# Jaeger LeCoultre skeleton clock



## kjh (Aug 24, 2011)

I have received a JLC skeleton clock from a relation's estate and would like to know more about it - including approx value for insurance purposes please. 
Inscribed on the base are 3 numbers: JO24819; 3003; 419 
All help will be greatly appreciated. Thank you.


----------



## StufflerMike (Mar 23, 2010)

The movement somehow looks very familiar to me - just google "Corum Golden Bridge" and you will know why. Haven't seen a JLC like that ever before.


----------



## kjh (Aug 24, 2011)

stuffler said:


> The movement somehow looks very familiar to me - just google "Corum Golden Bridge" and you will know why. Haven't seen a JLC like that ever before.

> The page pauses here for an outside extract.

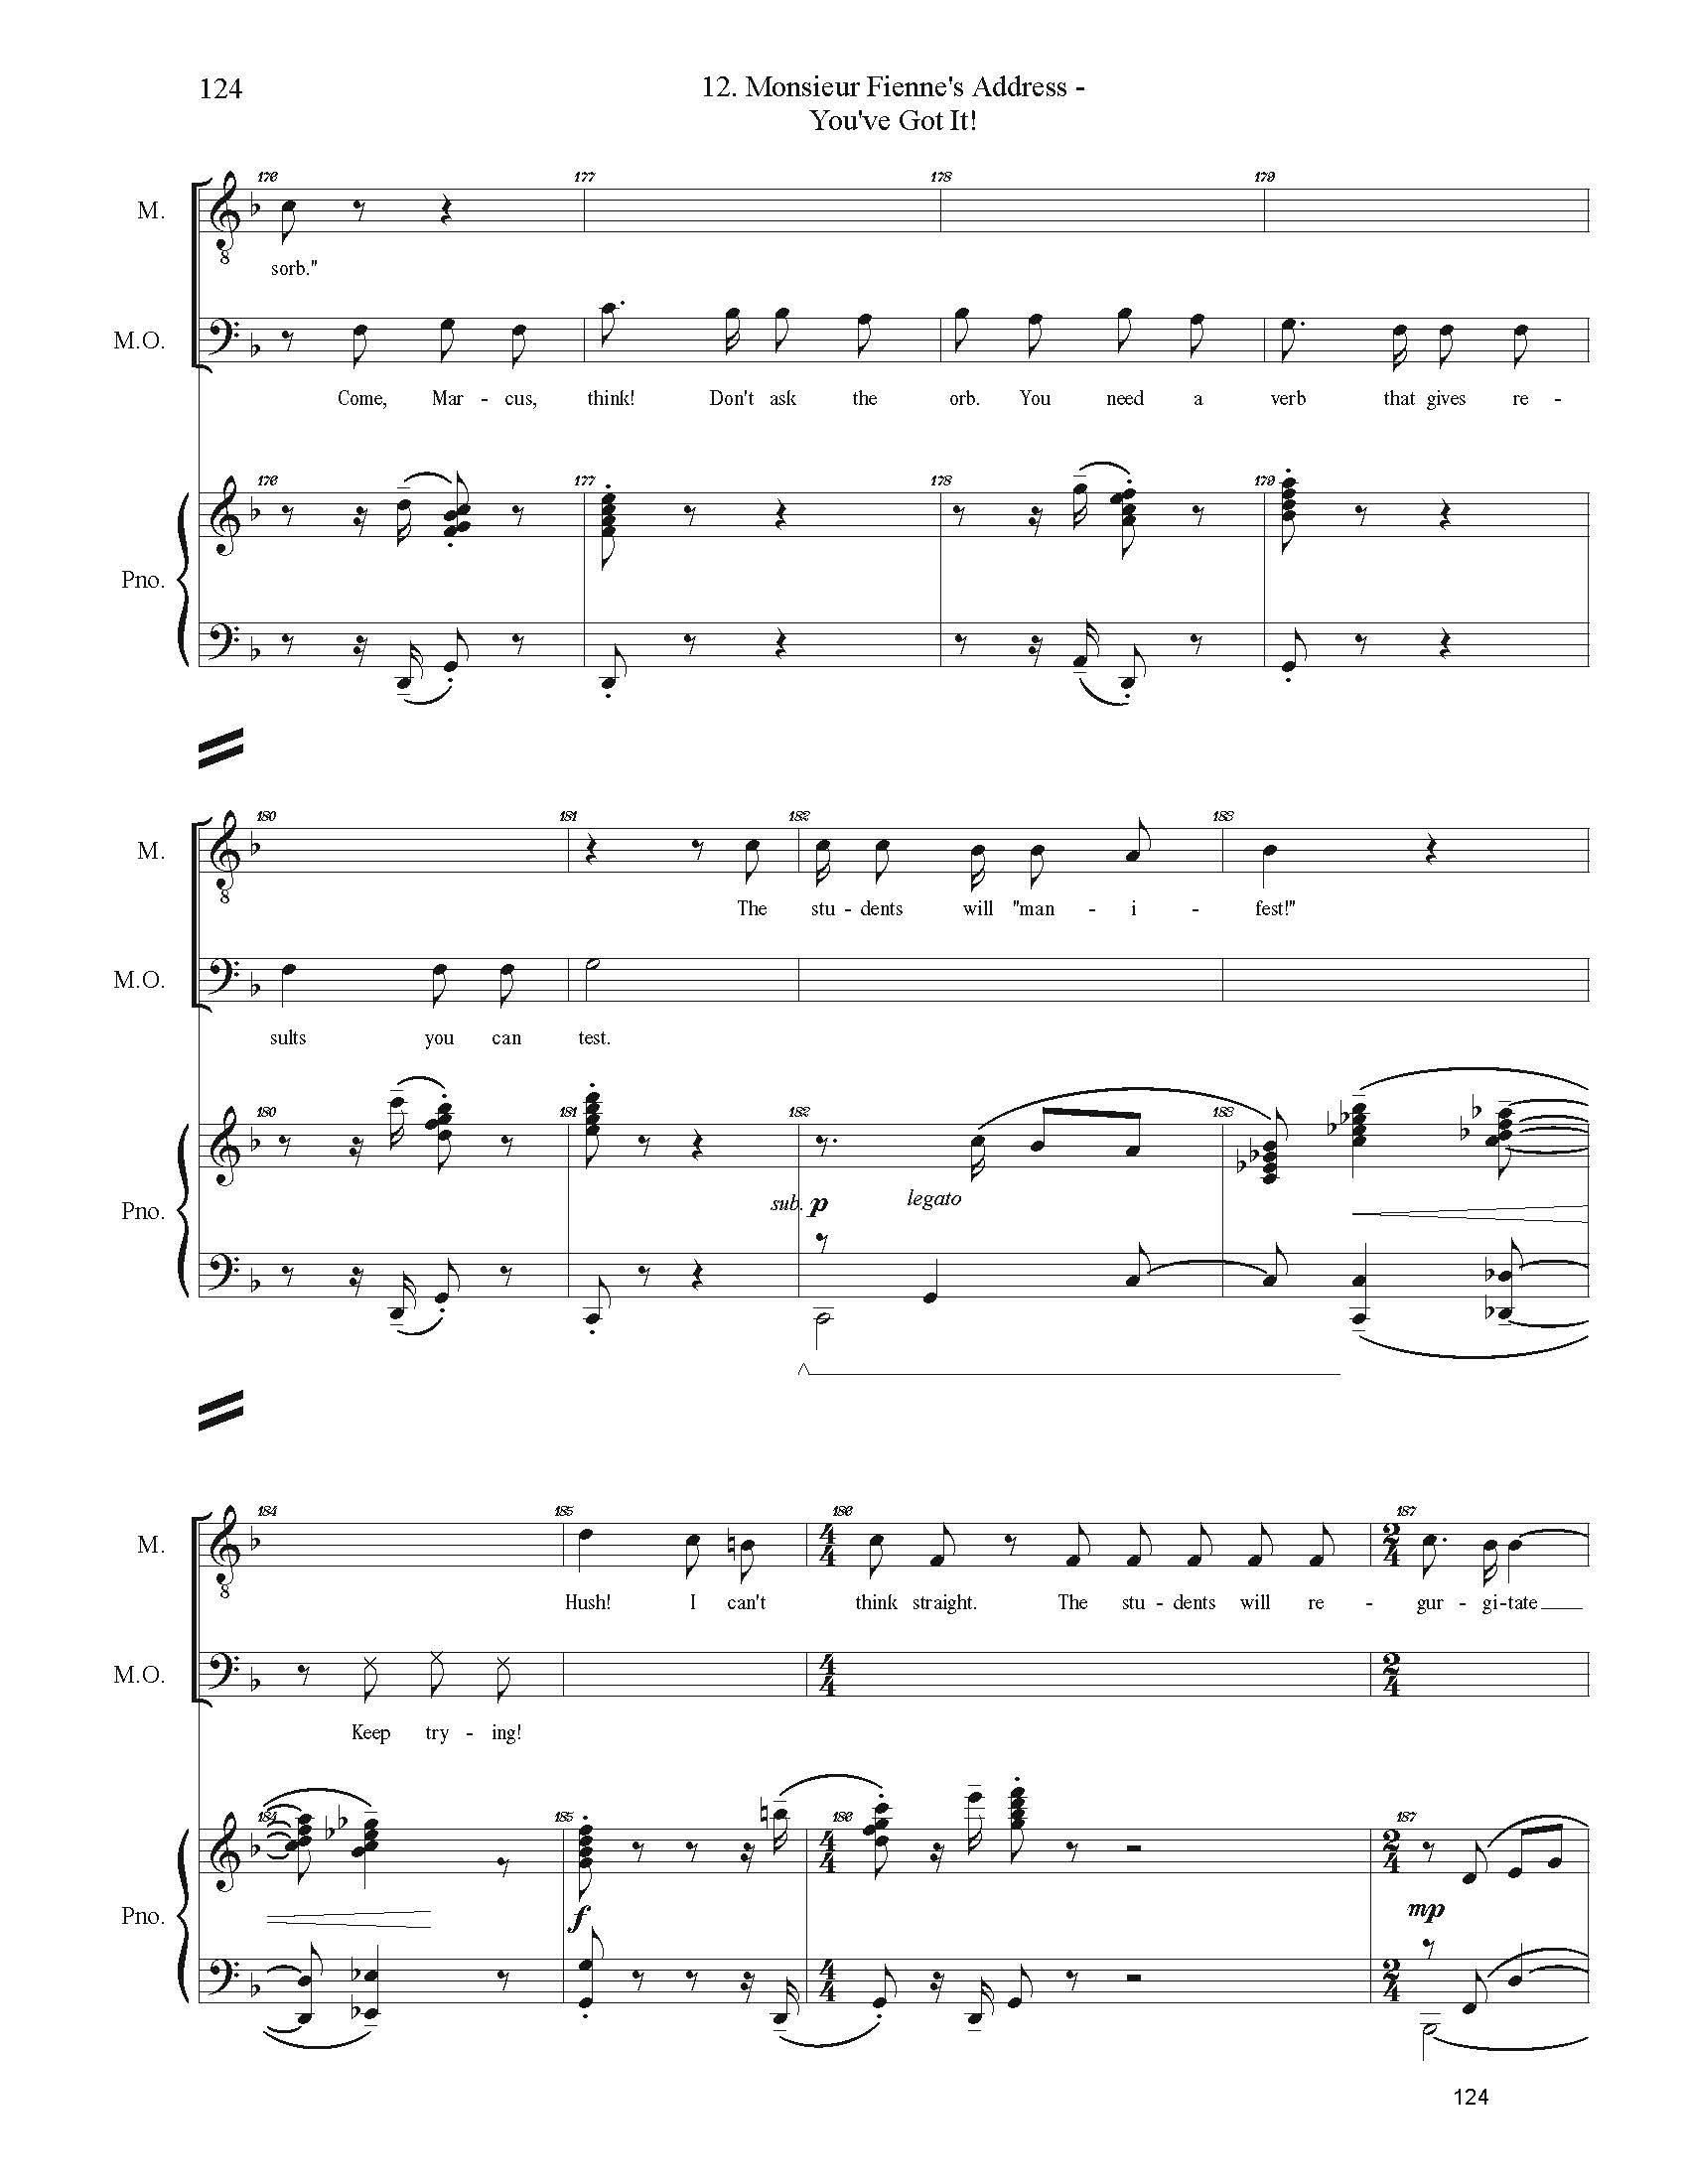 FULL PIANO VOCAL SCORE DRAFT 1 - Score_Page_124.jpg

I've just watched a YouTube video putting a Corum together - how I wish I had skills like that. Thanks for that info. It is similar to the JLC. I found one fuzzy image on Google of a very similar clock to mine but the link was broken.

Regards
Kit


----------



## fuzzyb (Feb 21, 2009)

You may want to search for JLC 8-day clock. A quick search on Google pulled up an image of a clock very similar. My in-laws have a square version of it. There are many variations for the cases.


----------



## StufflerMike (Mar 23, 2010)

Dating back to 1947, a movement a baguette they called it


----------



## gsimmons (Jan 22, 2011)

I have one in for repair as well. 


---
- Sent from my iPhone using Tapatalk


----------



## kjh (Aug 24, 2011)

Thank you all for your time and information

Kit


----------